Wood Magazine to Test Whole Shop Cyclones

[ian maybury]

I wouldn't want to be a zealot on the topic Phil, and it seems likely that reduced exposure should lessen the risk. Against that though there's a long history of our underestimating the effects of environmental health factors.

It doesn't necessarily take a lot of dust to cause problems either - I know for example that in my own case my sensitivity to dust started following a period of about seven years of seemingly innocent hobby building of model aircraft from balsa wood. I did a lot of hand block sanding of parts to fit using a technique much like a shooting board during that time.

I do agree that some respectable (statistically as credible as is reasonably possible) investigation of the recorded incidence of problems and stating of what it is would be useful. Not because it seems like it needs proving that wood dust is harmful (national health and safety bodies the world over have already pretty much standardised on the 1 - 5mg/m3 TLV range limit for industry, and there presumably is a clear basis for this, and the US ACGIH for example seems pretty clear on it too), but because perhaps reduced exposure is less of an issue.

How much less is open to question - it's pretty clear from this forum that there's rather more than a few of us older guys that have experienced issues relating to wood dust. Actually possibly quite a high proportion of those posting it seems, and quite a proportion of those that I know in the business here too that might not be regarded as ill but boy do they tend to wheeze a lot. There's of course too always the woodworking equivalent of your mythical grandmother about who smoked like a chimney all her life, sank a large whisky every night and is still flying at 90.

'Proof' Phil I think is a mythical beast that's never truly found on stuff like this, and ends up becoming a football to be kicked around by the interested parties. It tends to entail the presumption of innocence until proven guilty, and the tragedy of that approach is that it tends to be that (a) by the time the risk is proven to the standard demanded by law it's far too late for many, and (b) the bigger vested interests have in other fields a long established history of weighing in to buy or use bad science to muddy the waters and greatly delay any such eventuality.

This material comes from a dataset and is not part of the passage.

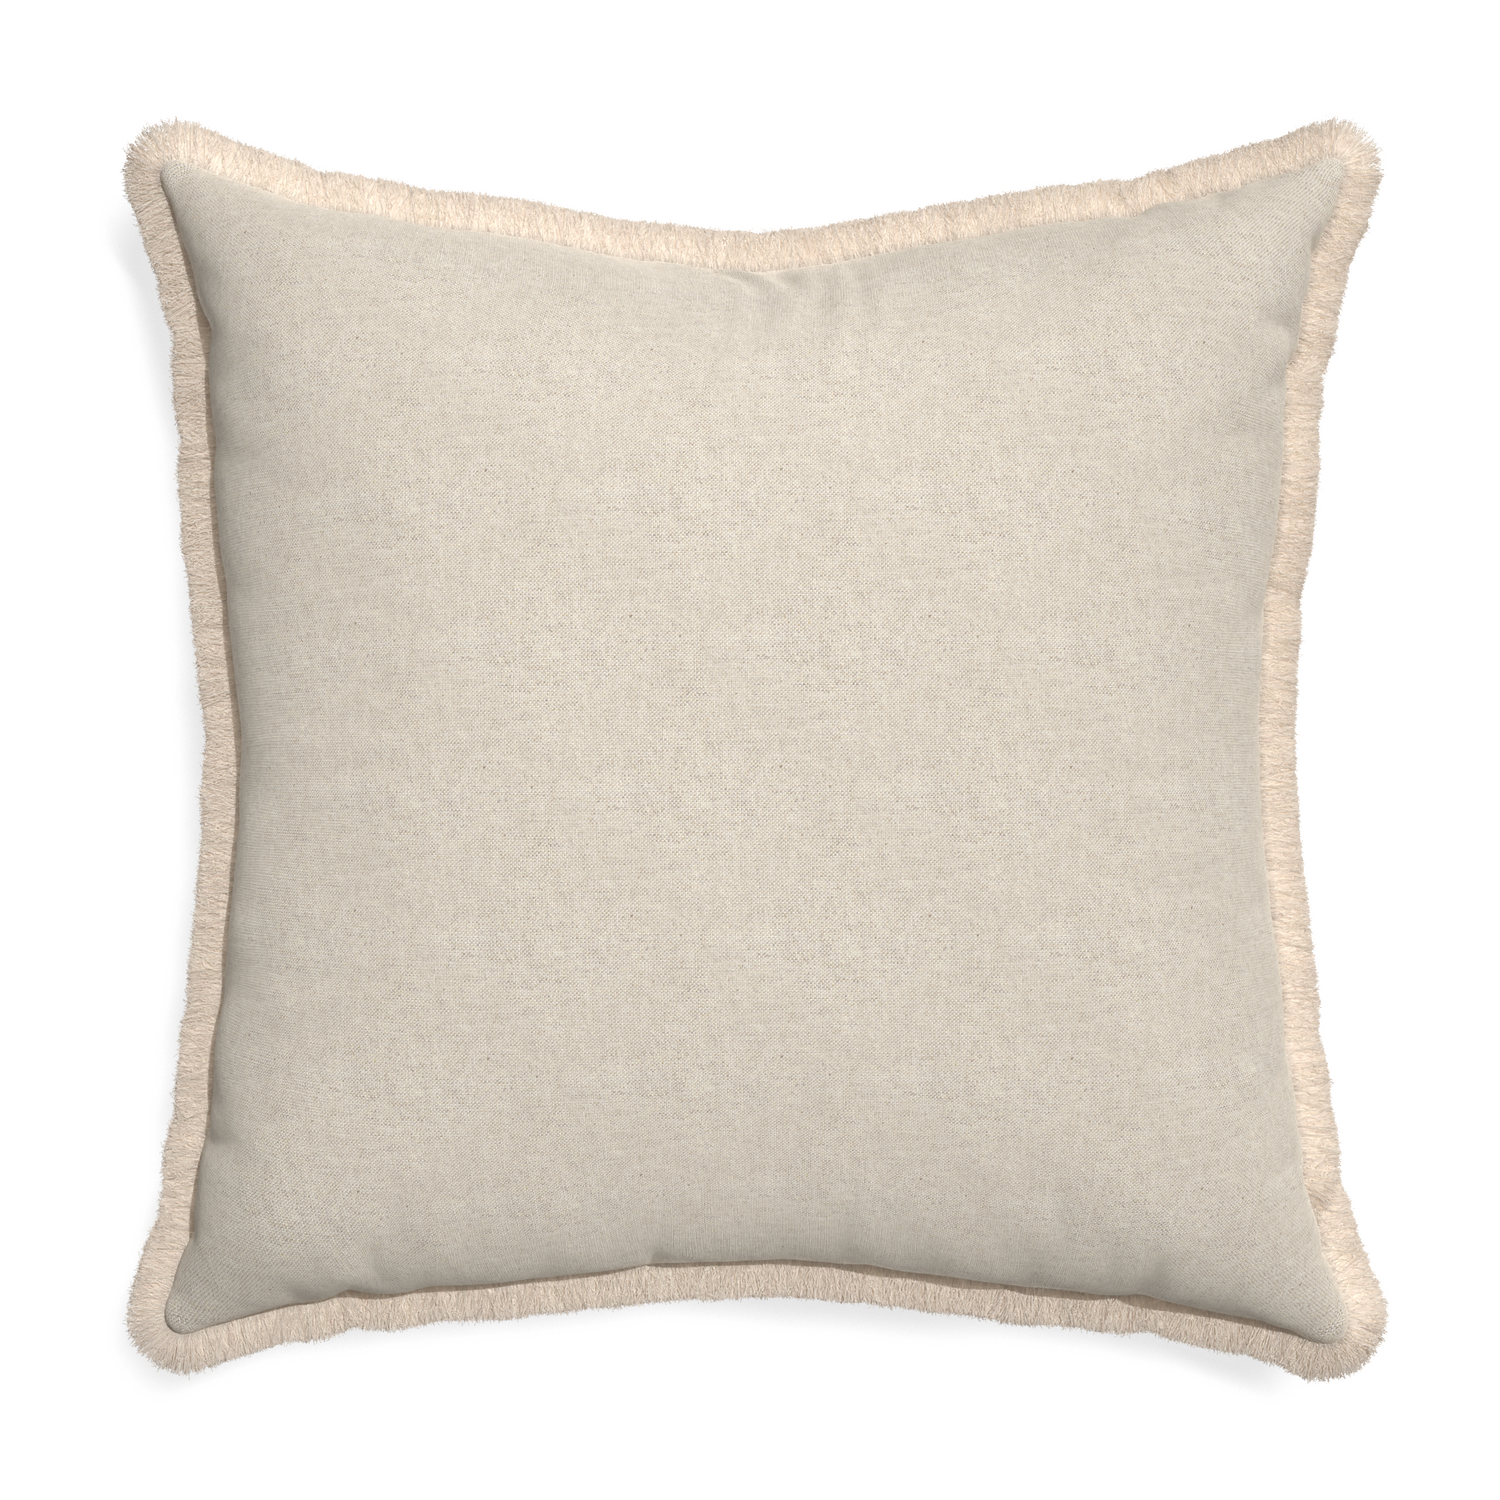 Euro-sham oat custom pillow with cream fringe on white background

Common sense suggests taking a careful look, but where a significant risk seems likely erring on the side of caution until better data is available. i.e. the law tends to create a scenario where the objectors have to 'prove' a problem, when in practice the onus should surely be on the sponsors of potentially dangerous processes and technologies to prove (or at least demonstrate to an acceptably high level of assurance) their safety.

It'd be unfortunate should any dust systems project bog down through politically correct or mistaken chasing of will of the wisps.

The other issue you raise is the question of which solutions work, and which don't. As above it seems rational enough that with effective hooding its likely that smaller systems can if optimised (short and free flowing connections etc) and used on small machines can do a good job. The task here is clearly to table cost effective solutions that work - so none should be excluded on ideological grounds. One big caution in that regard though is that one of the big benefits of high CFM and pressure capable systems is that they handle bigger machines much better, and are much less sensitive to loss of performance through issues like dirty filters, less than perfect machine hoods, restrictions in the system, awkward to shield cuts and so on. It's surely more advisable that DIY woodworkers are steered towards equipment that's as tolerant of less than ideal installations as is possible....

[Michael W. Clark]

I know I frequently mention the ACGIH manual, but it lists TWA (8-hr time weighted average) values for wood dust (0.5 mg/m3 for red cedar 1 mg/m3 for all other species). They also provide specific hood designs, exhaust volumes, and hood SP (static pressure) requirements intended to meet these TWAs for most of the machines we commonly use. I'm not saying these are the finite answer as there are other wood species known to cause more irritation (a table of those is provided too). If dealing with those woods or the user is particularly sensitve, the exhaust volumes can be increased by the designer as long as they don't limit the function of the tool. I know BP is referenced here a lot as being the "wood dust guru" but he referenced ACGIH in his writings and his exhaust volumes seem correspond fairly closely in most cases, sometimes a little more, sometimes a little less. ACGIH has been developing this resource for over 50 years.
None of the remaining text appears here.